Chaotic lasers feature wide spectrum and noise-like features, and extensively used in various fields, such as secure communications and random bit generation (RBG). Since the physical RBG using optical chaos was demonstrated first by Uchida et al., the optical chaos has been widely investigated in terms of chaos bandwidth and flatness, which determines the rate and randomness of RBG. Owing to the natural stability of semiconductor lasers, external perturbation is required to generate chaotic signals, such as optical injection, current modulation, and optical feedback. Among them, a semiconductor laser with optical feedback has attracted wide attention because of its simple structure and rich dynamic behaviors. Nonetheless, this configuration suffers the influence of the relaxation oscillation, which results in a limited bandwidth (a few GHz) and an uneven power spectrum. To obtain broad-spectrum chaotic signals, considerable efforts have been made in recent years. However, these solutions are associated with complex structures that require delicate manipulation because multiple parameters should be matched, so the cost of some of these schemes in terms of the system complexity can potentially outweigh the benefits.

In this work, we incorporate an optical filter and an amplifier into the feedback loop of a conventional optical feedback system to generate broadband chaotic signals.
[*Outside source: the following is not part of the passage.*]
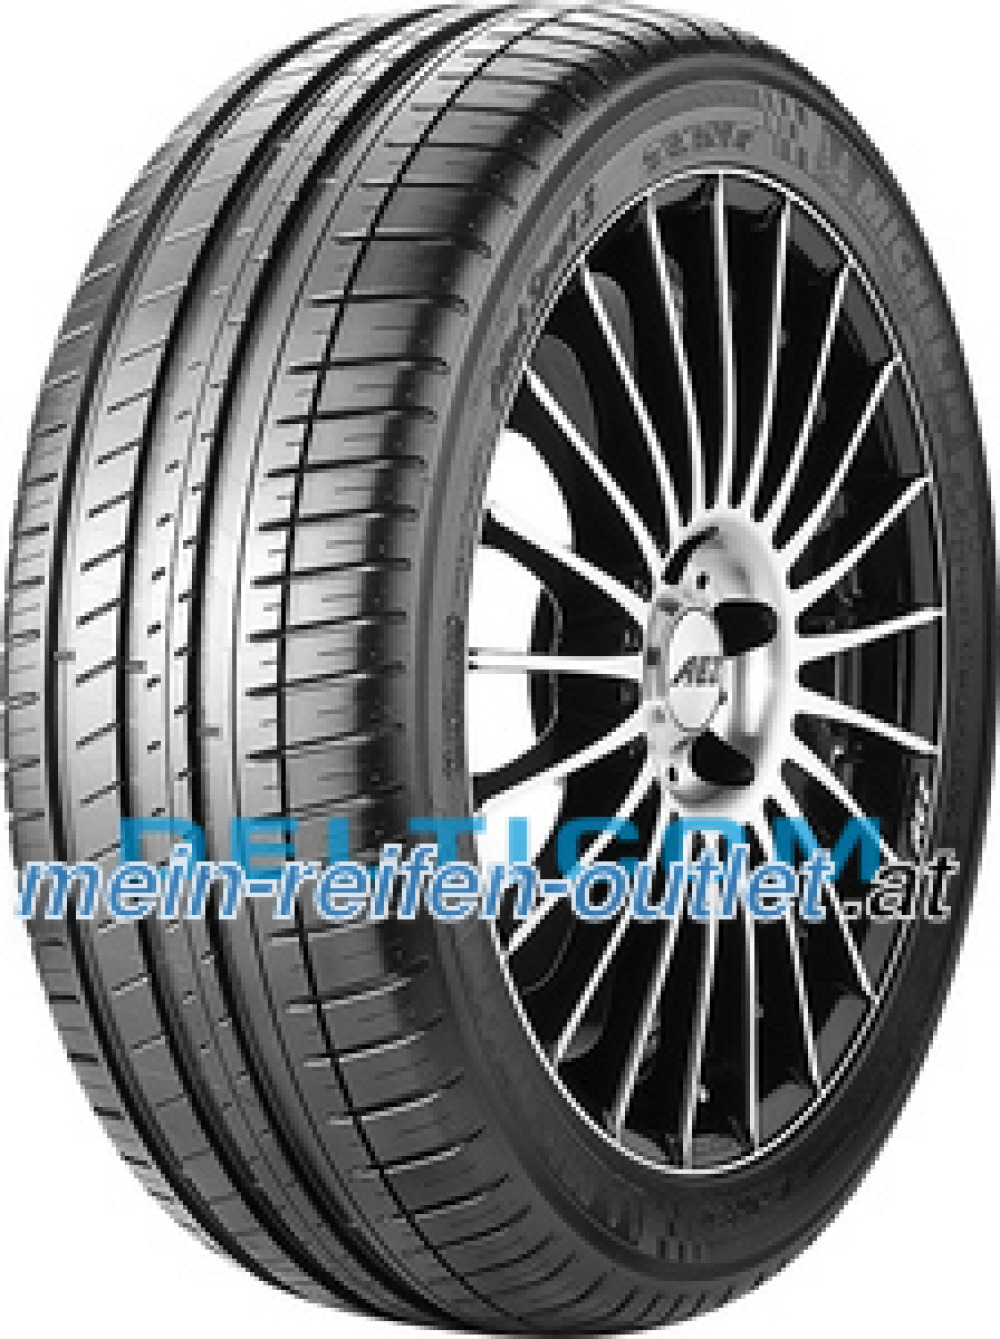 Michelin Pilot Sport 3 ZP ( 245/35 R20 95Y XL runflat, MOE, *, GRNX, mit Felgenschutzleiste (FSL) )

The effects of the filter detuning frequency and feedback power on the bandwidth and flatness of the chaotic output are investigated experimentally. The experimental results demonstrate that by appropriately adjusting the feedback power and detuning frequency, both the low-frequency components and the high-frequency components of the chaotic output power spectrum can be increased, and the maximum chaotic bandwidth can reach 24.4 GHz with a flatness of 5.7 dB. This phenomenon is attributed to the physical process of beating between the filtered mode and the internal modes of the laser. Furthermore, the optimized chaotic output is processed by retaining the 4 least significant bits and implementing the delayed exclusive-OR (XOR) operation. Our scheme is capable of generating physical random number of the bit rate of 320 Gbit/s, and successfully passes the standard randomness test, i.e. the NIST test (NIST SP 800-22).